Dominik Berner

C++ Coder, Agilist, Rock Climber

Project maintained by bernedom Read the privacy statement for this blog

Frequent vertical integration for the win

Frequent vertical integration for the win

“The software is almost done, we just need to integrate it on the device.” Is one of the biggest self-deceptions in embedded software development. What often follows are failed deadlines and weeks or months of everybody taking shortcuts and hacks to finally ship that device. And often enough, what could have been an awesome product severely lacks quality in the end. Early and frequent vertical integration is THE way out of this deadlock and often a huge game-changer towards better products and agility.

The people involved in embedded software development are often very well aware that integration is often the tricky part of product development. Nevertheless, lots of companies still develop various parts of an embedded device - OS, hardware, and applications - side by side with only occasional handovers and only integrate once everything is “done”. While this might work, I have yet to see this approach succeed on schedule and without a painful reduction in product quality.

Integrate early, integrate often

Early and frequent integration is a must for high-quality products and keeping a schedule. If developers are unable to see how their code performs in a real-life (or at least close to real-life) situation, they have to make assumptions - and assumptions are the root of lots of software bugs and undefined behavior. Integrating the whole product as far as possible very frequently often shows weaknesses in the system that would not be detected otherwise.

Another benefit is that by integrating every commit to the hardware is that the team practices deployment frequently. Since one doesn’t want to spend days and weeks every time the software is deployed to a target system there often follows a good effort to automate deployment and make it a non-issue in the development process. The great reward of it is increased system stability in production.

Frequent vertical integration is a great way to unlock the emerging intelligence of a group of interdisciplinary engineers

A very prominent example of frequent and early integration are spaceX’s rockets. Remember all those crashing rockets on youtube? That is vertical integration on a massive scale. I’m very sure that all parts of the early falcon 9 were performing admirably in the lab environment and under testing conditions. But still the first few times the full rocket was assembled and launched a new unexpected glitch came up. Blowing up a rocket every time is of course extreme and needs funding that not every company has available, but one can get pretty far without big explosions at the end.
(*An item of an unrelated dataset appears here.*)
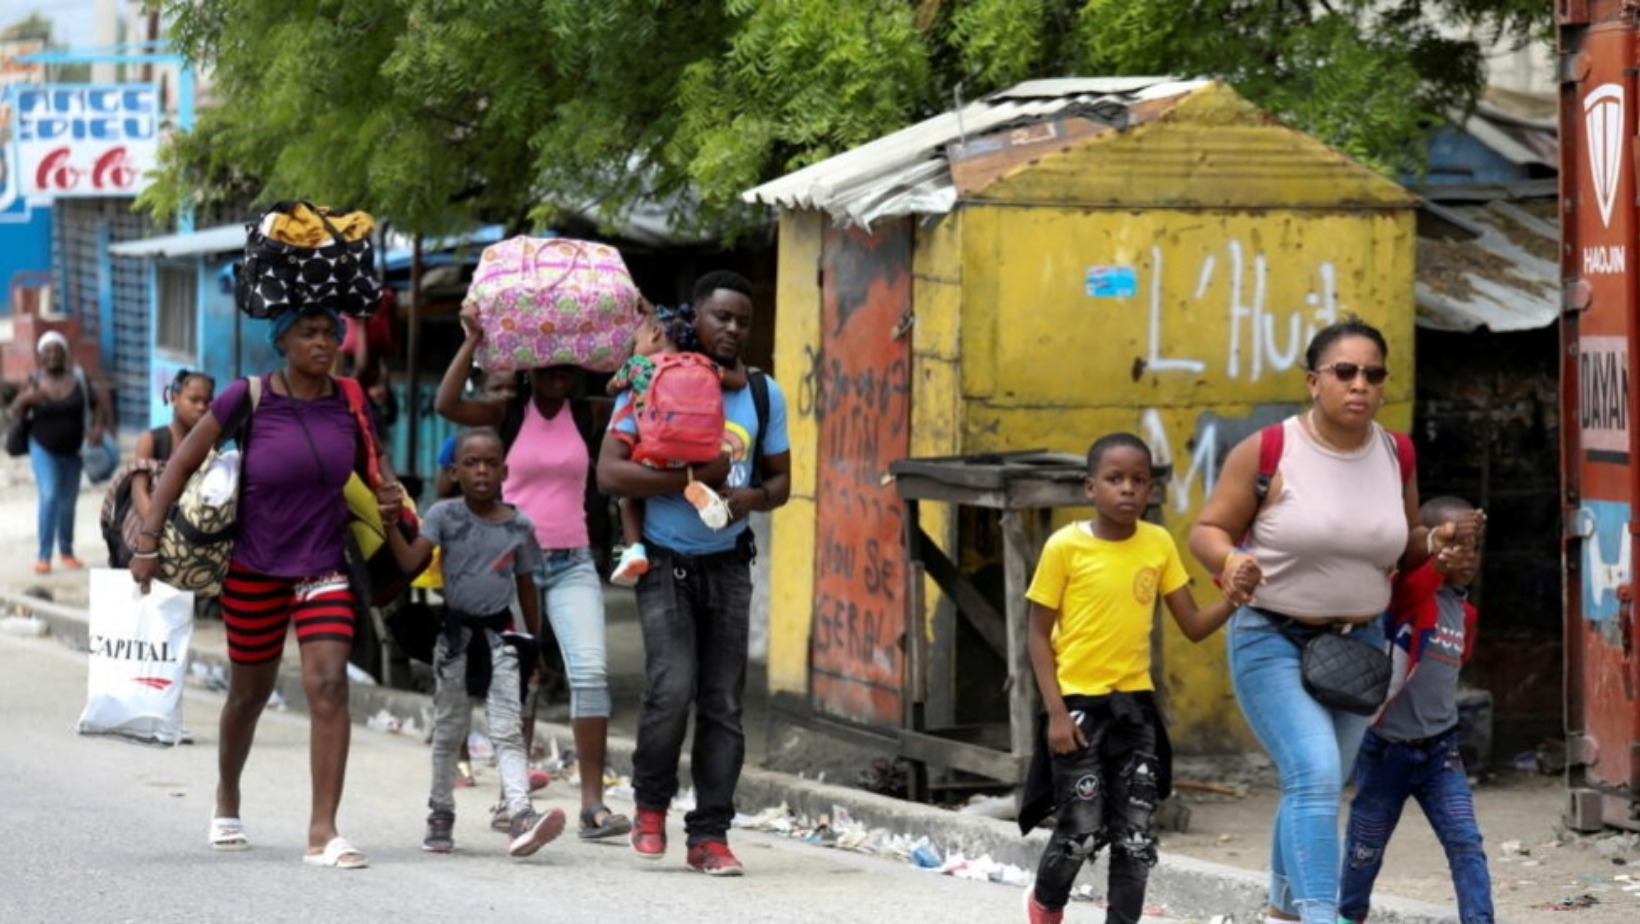 Haití ha vivido semanas de caos provocado por las bandas. (Foto: Fuente externa)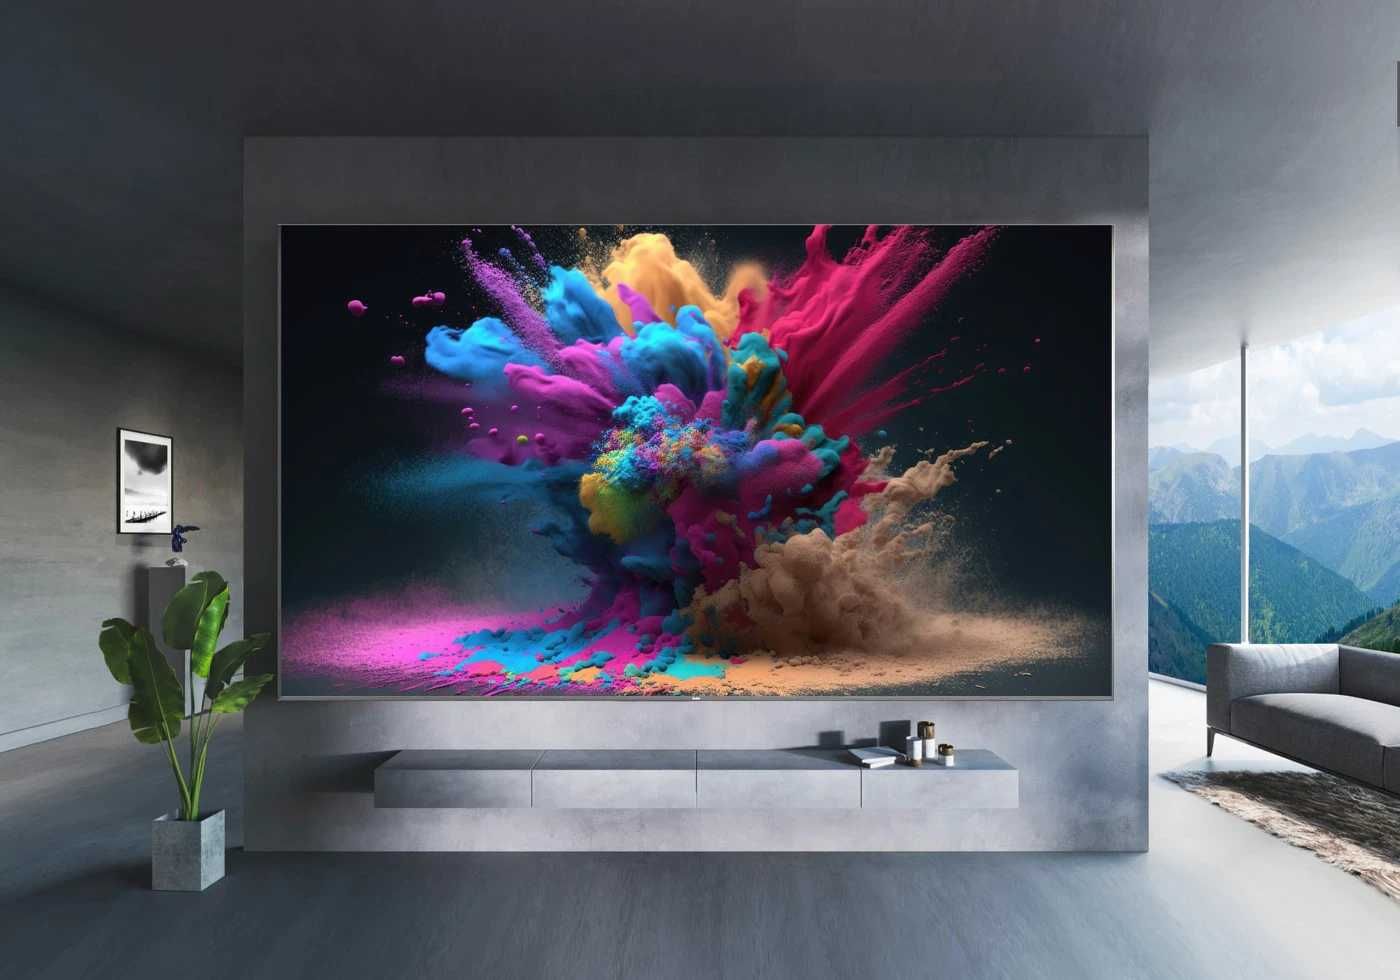 Телевизор Xiaomi TV A2 43* FHD Smart Tv + 2500 канал + доставка!

Frequent vertical integration is a great way to unlock the emerging intelligence of a group of interdisciplinary engineers. Building an (automated) system for easy integration and deployment will require people from all aspects of the device to work together and close collaboration is a good way of uncovering hidden assumptions.

integrate, deploy and monitor

If vertical integration is one side of the coin, then measuring and monitoring is the other side. Every time a system is deployed during development get a series of meaningful tests running and deliver the result back to everyone involved. Whenever there is a lull in activity - such as over the weekends - go the extra mile and run some more demanding tests on the latest deployed version. Nothing gets a developer awake faster on a foggy Monday morning than a failed integration test.

There is no denying that the initial cost of setting up an environment for vertical integration. There is the amount of hardware and test-systems needed to be considered. Then there is the time invested in building an environment for testing, and monitoring the products and ends with the running costs of the infrastructure for easy deployment. But often enough these costs get amortized later easily, because the time to reproduce bugs and create patches is often much reduced and the infrastructure can be used to deliver software in production as well.

At least one set of hardware for every developer would be optimal, to enable testing independently from the rest of the team and to reduce waiting time for the testing resources. Of course, this might not be possible if the machine big or expensive enough, considering the developer’s wages saving a few hundred bucks on hardware during development seems a bit of a joke. Finding a critical bug late in the development is often much more expensive than buying or building additional hardware.

The cost of finding a defect rises exponentially in the development process
The cost of finding a defect rises exponentially in the development process

Get live updates for free

Nowadays more and more software gets frequently updated, even if already in a productive environment. “Over the air updates” are often among the first benefits mentioned when asked if a device should be operated offline or connected to the internet. Over the air updates are a kind of risky business, because a failed update might brick a device and severely disrupt a business operation or even endanger people. Testing deployment not just once or twice, but every time the code changes, increases the chance of catching possible hiccups in a non-critical environment. Considering the cost of whole factories standing still for days because of a failed update puts the additional cost and effort of continuous vertical integration nicely into perspective.

Engineers assemble!

Early and frequent vertical integration might have a high upfront cost, but it yields massive benefits. It is a classical gamble of sacrificing short time gains in favor of going fast over a long time. Considered that embedded devices tend to be maintained and improved for years and decades, the investment usually pays off pretty well.

Written on January 8, 2021